減災センタースタッフブログ:免震住宅による減災の研究(一条工務店 高橋さん)

はじめまして。受託研究員の高橋武宏と申します。私は住宅メーカーで新商品の技術開発に携わっておりますが、ご縁がありまして減災連携研究センターでお世話になっております。

突然ですが、「地震のない世界」って想像できますか?

ヒントとして、ヨーロッパの街を歩かれた事のある方は、日本の建物との違いを感じませんでしたでしょうか?私がヨーロッパ旅行へ行った時は、数々の歴史的な組積造や大きく綺麗なステンドグラス窓の建物に感銘を受け、それと同時に近代建物の開放的な大空間や、柱がとても細いことに驚きました。かたや日本の建物は、太くてがっちりした柱を持ち、壁が多くなんだか窮屈な空間であることを、改めて感じました。

この差は日本とヨーロッパの気候風土の違い、建築文化の違いの表れでもありますが、そこには「地震」があるかないかも大きく影響しています。

ヨーロッパでも地震が無いわけではありませんが、日本ではヨーロッパの人が信じられないような頻度で大地震が発生しています。1995年から2014年現在までの約20年間に、日本では震度6弱以上の大地震が、なんと40回も発生しているのです。平均すると半年に1回のペースで、日本のどこかで震度6弱以上の大地震が発生している計算になります。このような地震大国に安全に暮らすには、当たり前ですが、とにかく地震に強い建物を作らなくてはなりません。

では「地震に強い」とはどういうことなのでしょう。

真っ先に思いつくのは、大きな地震の力に耐えることですね。大相撲の「がっぷり四つ」の状態を想像してみてください。相手(地震)より自分(建物)が強ければ倒されません。地震にガッツリと耐えるから「耐震構造」と呼ばれます。一方で小兵力士の場合は「いなし」、「肩すかし」といった妙技を繰り出し、巨漢を倒して土俵を湧かせます。このような考えに近い「地震への強さ」が「免震構造」といえます。
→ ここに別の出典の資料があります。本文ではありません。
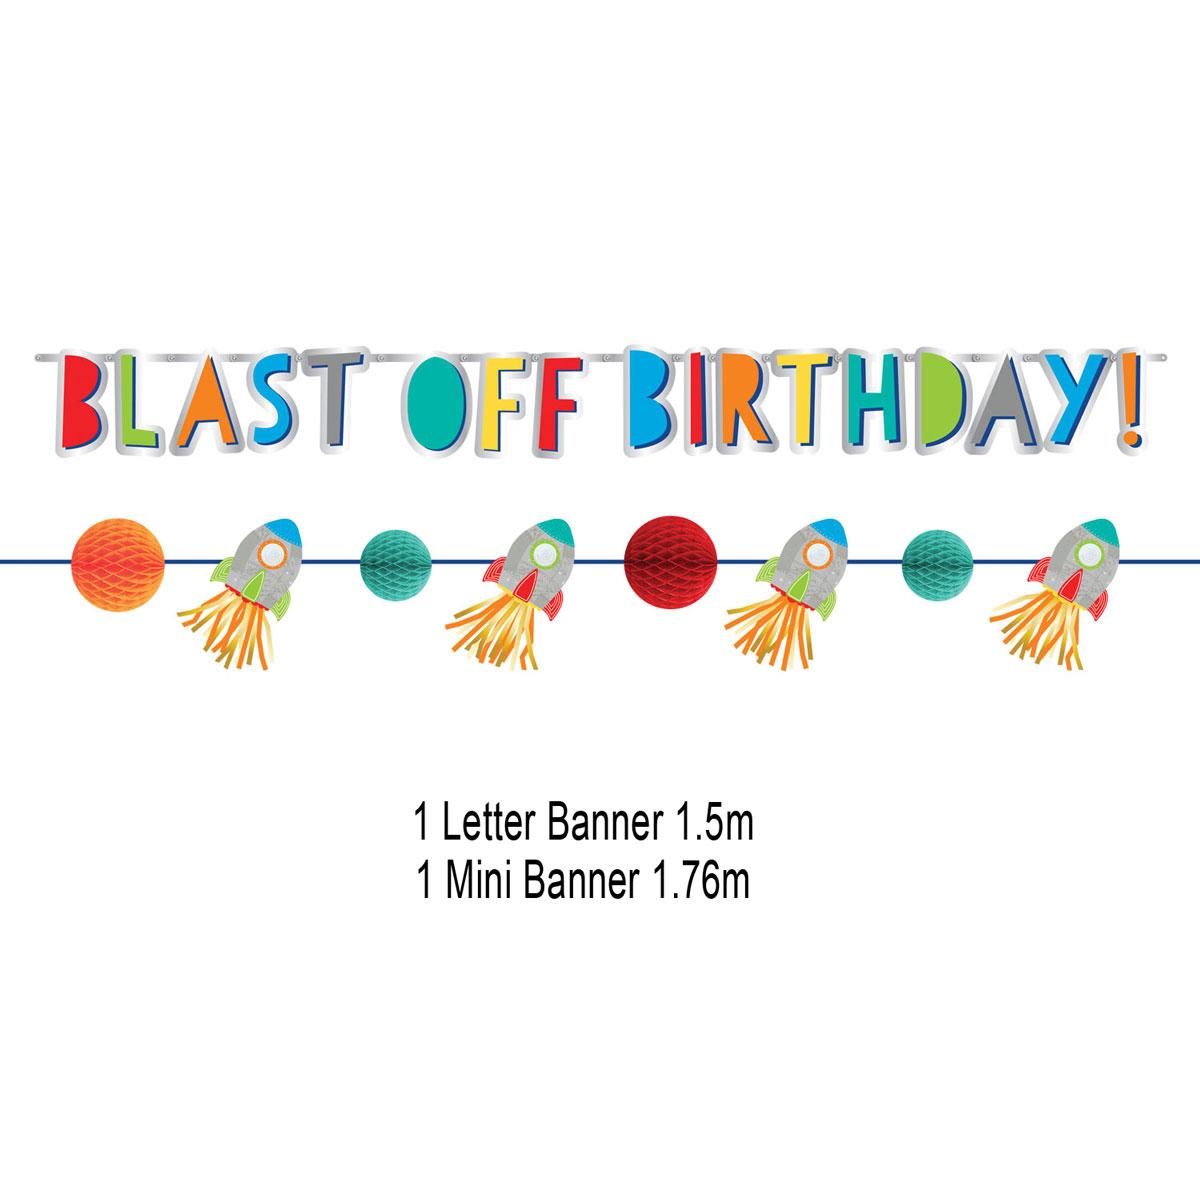 Blast Off Birthday Banner Kit by Amscan 120440 available here at Karnival Costumes online party shop

具体的には上の図が免震のイメージです。地震の揺れを免れるから「免震」と呼ばれるのですが、「柳に風のような技術」なんて表現も本質をついているのではないでしょうか。日本ではこの技術を利用した建物が増えており、研究開発の末、戸建住宅にも広がってきています。

そこで最初のお話に戻ります。地震の揺れを免れることができれば「地震のない世界」に近づけるはずです。そうなれば、大地震でも建物や室内、設備類に被害は生じないし、もっと自由で美しく、大きな間取りが実現できるはずです。完璧な免震技術が普及すれば、都市全体の減災に繋がるのではないでしょうか。地震大国日本にとって、まさに理想の住宅かも?

でも、私たち技術者にとって思い上がりは禁物。2011年の東北地方太平洋沖地震では、免震住宅の良いところと悪いところが明確に表れ、もっともっと深く研究し、免震システムを改良していかなければならないことを思い知りました。

いま、私は免震住宅の振動実験を繰り返し、先生方や学生さんと議論させて戴きながら、この大きな目標に向かって走っています。愛知県には既にたくさんの免震住宅が建っていますので、非常にやりがいのある減災プロジェクトだと思っています。

長文にお付き合いありがとうございます。これで私のお話は終わりです。

最後にもしかすると、、、上司と部下、友人同士、夫婦関係にも実は「免震」が必要なのではないでしょうか。いつも真っ向からがっぷり四つで耐えることも重要。でも、たまには柳に風で力を免れてみる。そんな人間関係も必要だなあと思うようになった今日この頃です。皆さまはどう思われますか?